Barrick Sells Interest in Massawa Project
The agreement includes an up-front payment of $380 million, comprised of more than 20.7 million Teranga common shares with an aggregate value of approximately $80 million, and a cash payment of approximately $300 million, plus a contingent payment of up to $50 million, which is based on the average gold price for the three-year period immediately following closing. The contingent payment is payable three years following closing.
Barrick will receive 92.5% of the total purchase price for its interest in the Massawa project, with the balance to be received by Barrick’s local Senegalese partner for its minority interest. On a pro forma basis, Barrick will hold 19.2 million Teranga common shares, representing approximately 11.45% of Teranga’s issued and outstanding common shares on closing. Barrick is providing $25 million of the $225 million syndicated debt financing secured by Teranga in connection with the transaction.
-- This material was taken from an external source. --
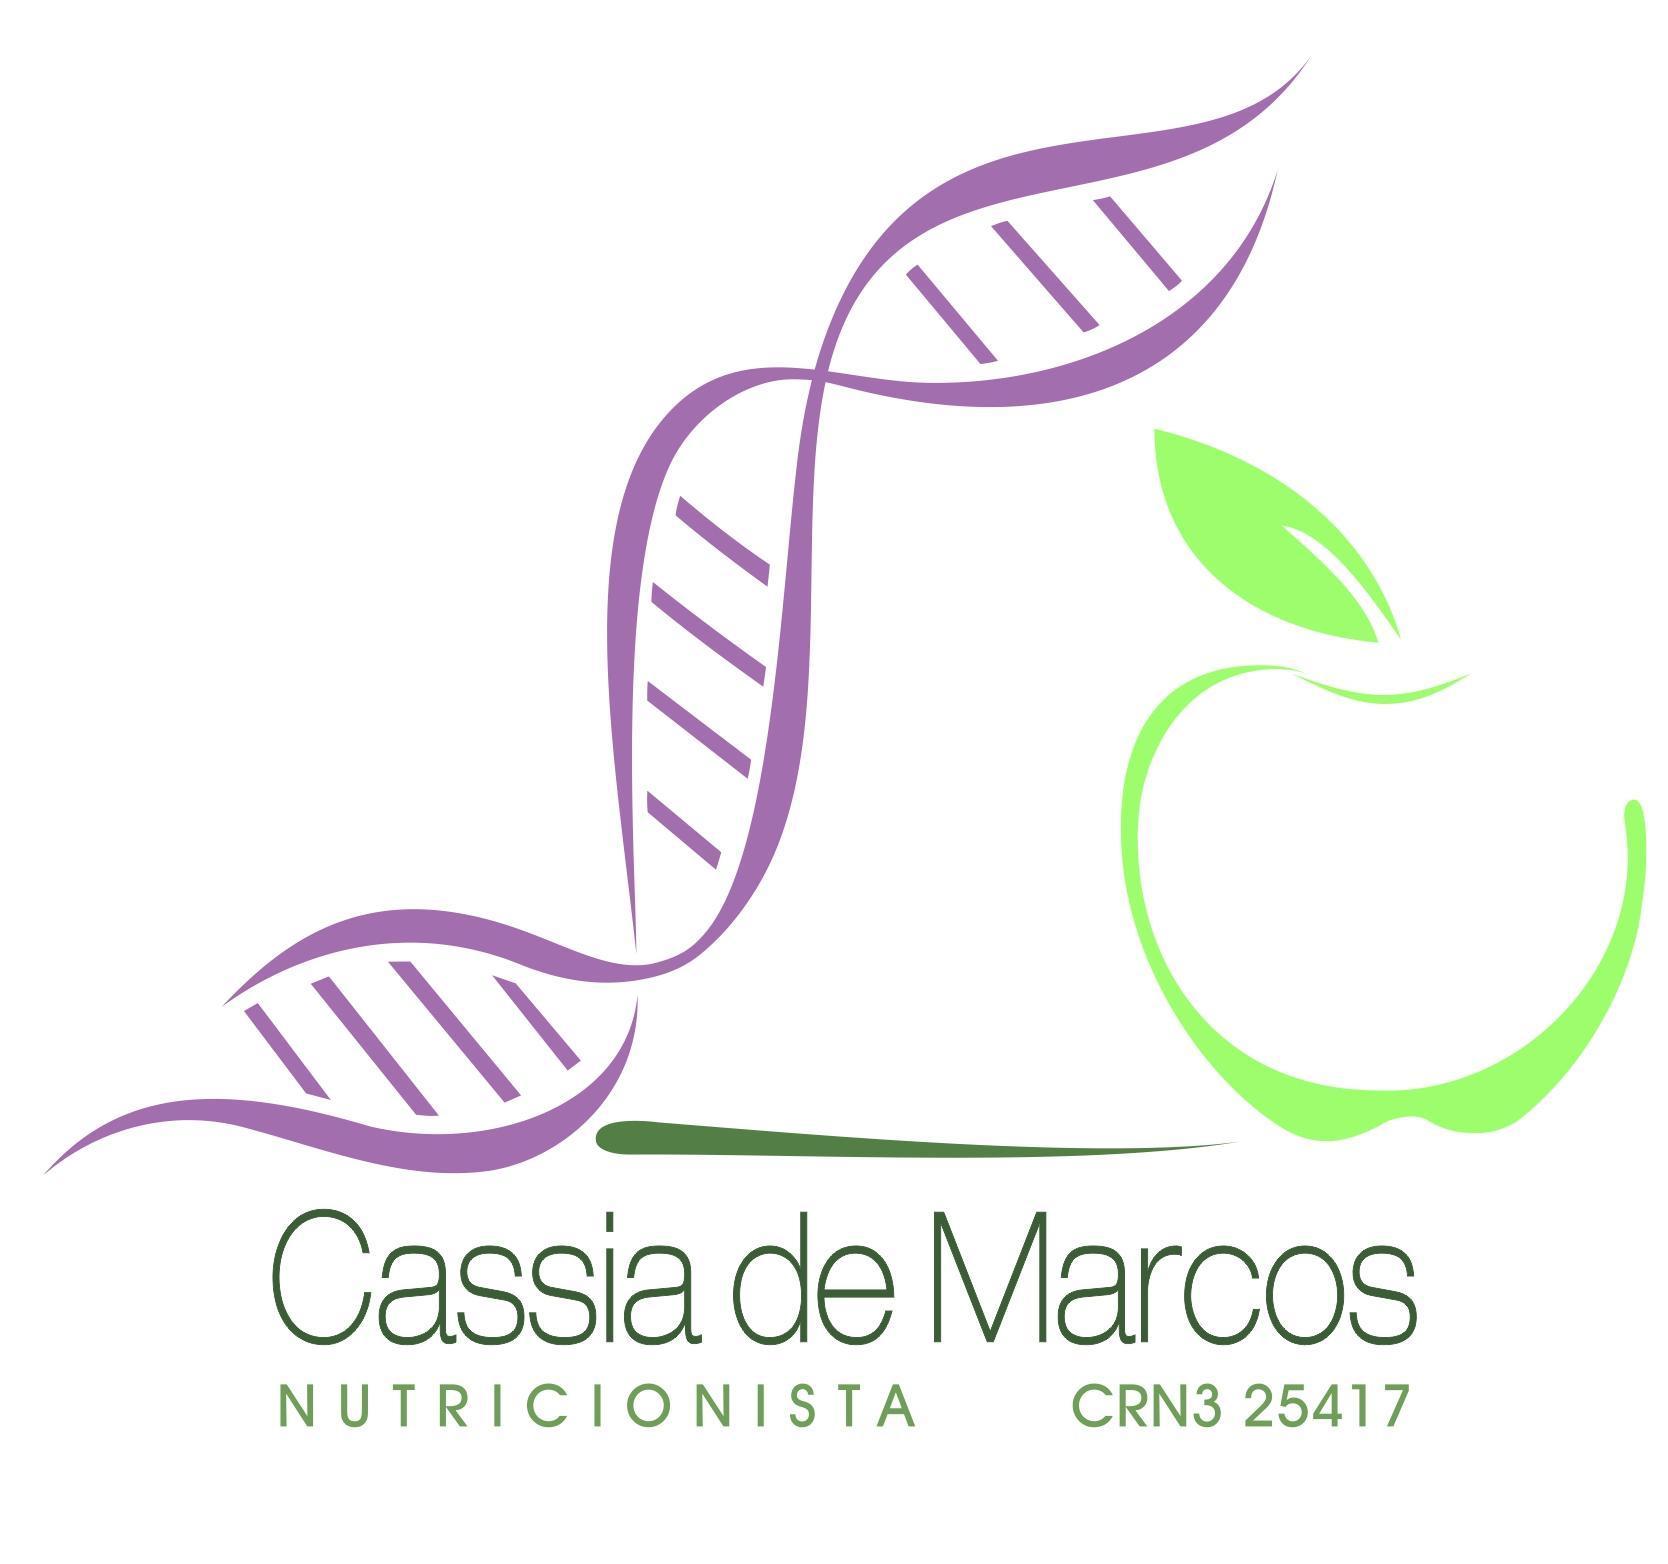 Imagem: Nutricionistacassia-logonovo-copia.jpg - Enviado Em: 18/07/2014

Barrick will have the right to nominate one Teranga director for as long as it retains at least a 10% equity interest in Teranga. Barrick President and Chief Executive Mark Bristow said the group had been pursuing the best means of bringing Massawa — discovered by its legacy company Randgold Resources 10 years ago — to account for the full benefit of all stakeholders. The agreement with Teranga, which will realize the full value of this asset and create a substantial new West African gold mining company with significant African ownership, is the outcome of this process.
The transaction is expected to close in the first quarter of 2020 and is subject to receipt of the Massawa exploitation license and residual exploration license from the government of Senegal, certain other acknowledgments from the government of Senegal and other customary closing conditions.